In this vignette we consider not only the data science terminology, but also the names existing in different packages’ APIs (what is, obviously, partially based on the scientific naming).
In the table below you can see, what names is decided to use, where they come from and what are their synonyms in the scientific world or among the other R/Python packages API etc.
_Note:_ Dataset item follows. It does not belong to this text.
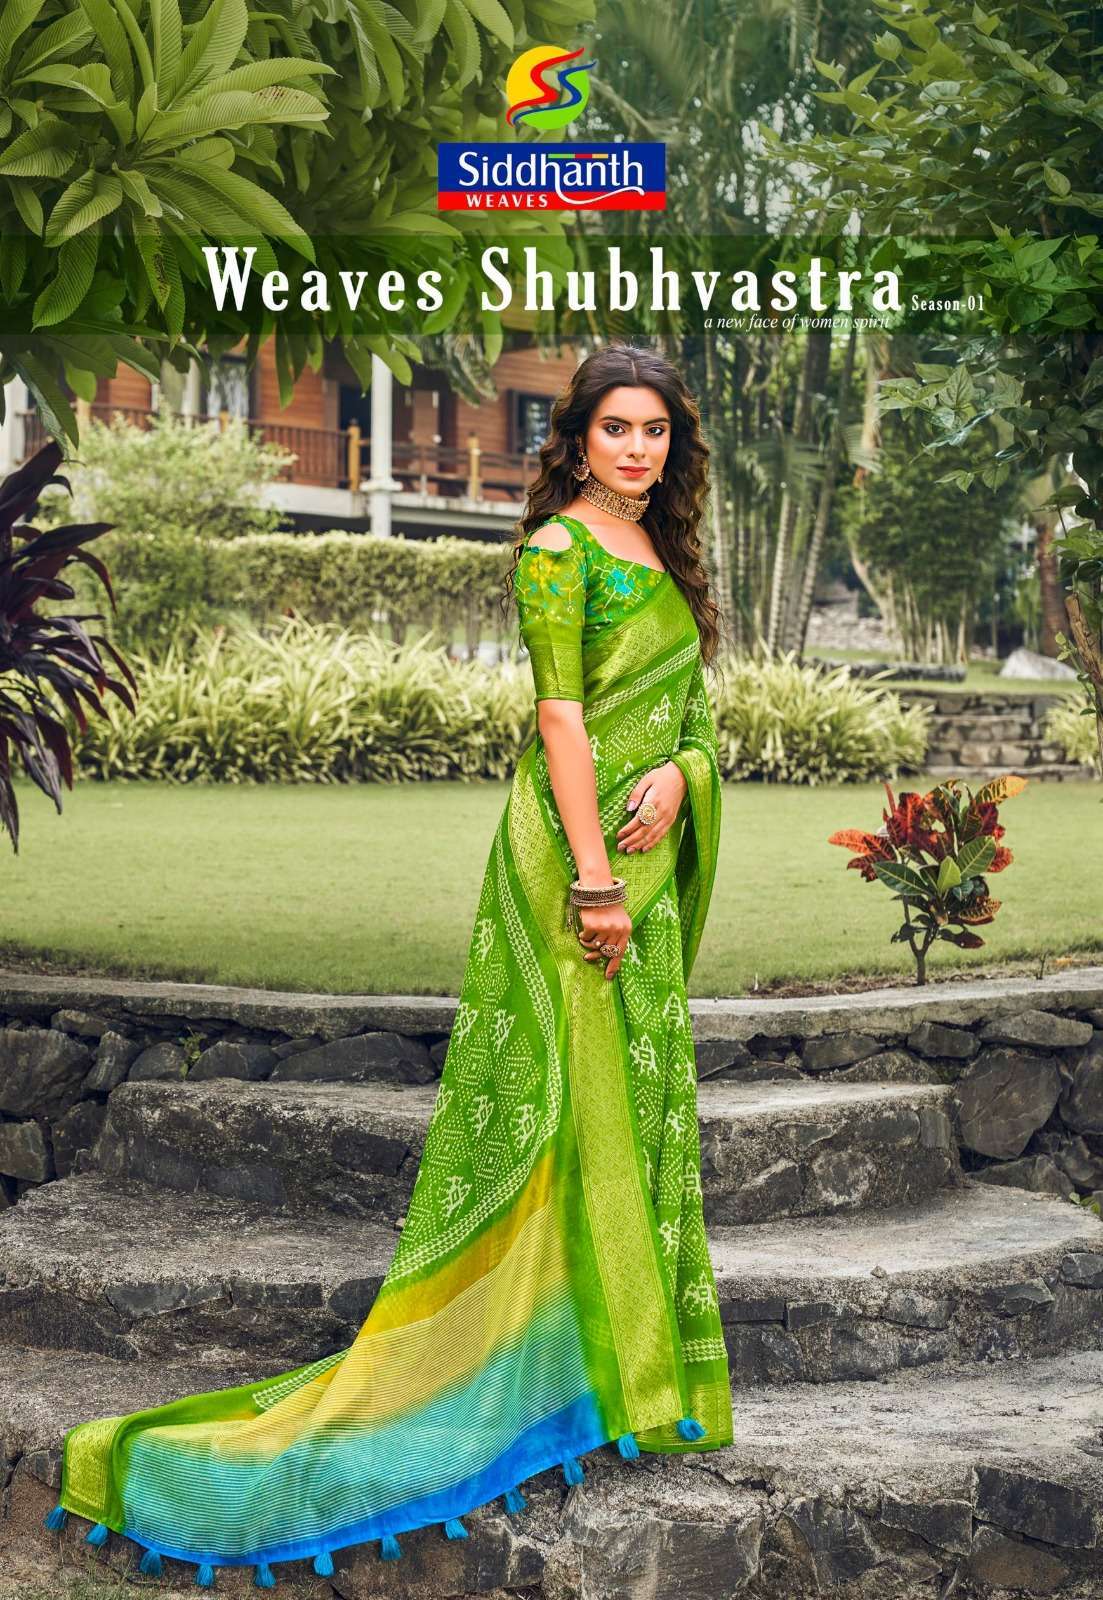 siddhanth weaves subhvastra series 43001-43008 Cotton saree

Name | Explanation | Consistent with | Other names |
---|---|---|---|
index |
A time variable like Date
|
Inspired by index variable in tsibble package |
• .date_var in timetk • time_idx in Python library pytorch-forecasting
|
key |
A variable (or variables) to distinguish different time series in the dataset | • tsibble package• SQL databases • data.table
|
• id in modeltime.gluonts (for example: deep_ar ) • group_ids in Python library pytorch-forecasting
|
timesteps |
A number of timesteps used to train the model | Timestep is a commonly used word in Deep Learning terminology to describe a “moment” in a time series (sequence). | Meaning partially reflected by: • lookback_length in modeltime.gluonts (e.g. nbeats ) • lookback in forecastML
|
horizon |
Length of a output sequence, i.e. how many steps ahead we’d like to forecast. If we consider that each future timestep refer to a separate horizon, horizon is the maximal horizon of the forecast |
• horizons in forecastML • FPP book by Hyndman and Athanasopoulos • term used in scientific papers, e.g. Temporal Fusion Transformers for Interpretable Multi-horizon Time Series Forecasting by Lim et al., by meaning in the context of this particular paper slightly differ (refers to a single timestep in the forecast, not to the maximal length of forecast) |
• prediction_length in modeltime.gluonts (e.g. nbeats ) • h in forecast package |
predictors |
Input variables |
recipes package API from tidymodels
|
• ML: features or input variables • Statistics: explanatory variables, independent variables etc. |
outcomes |
Target variables | • recipes package API from tidymodels • outcome_col variable and outcome term in vignettes in forecastML
|
• ML: outputs, targets • Statistics: response, dependent variables etc. • target in Python library pytorch-forecasting
|
Bear in mind that API may evolve. Especially, if I would like to implement new engines to parsnip
models provided in modeltime.gluonts
, we have to stick to the same name arguments in both cases.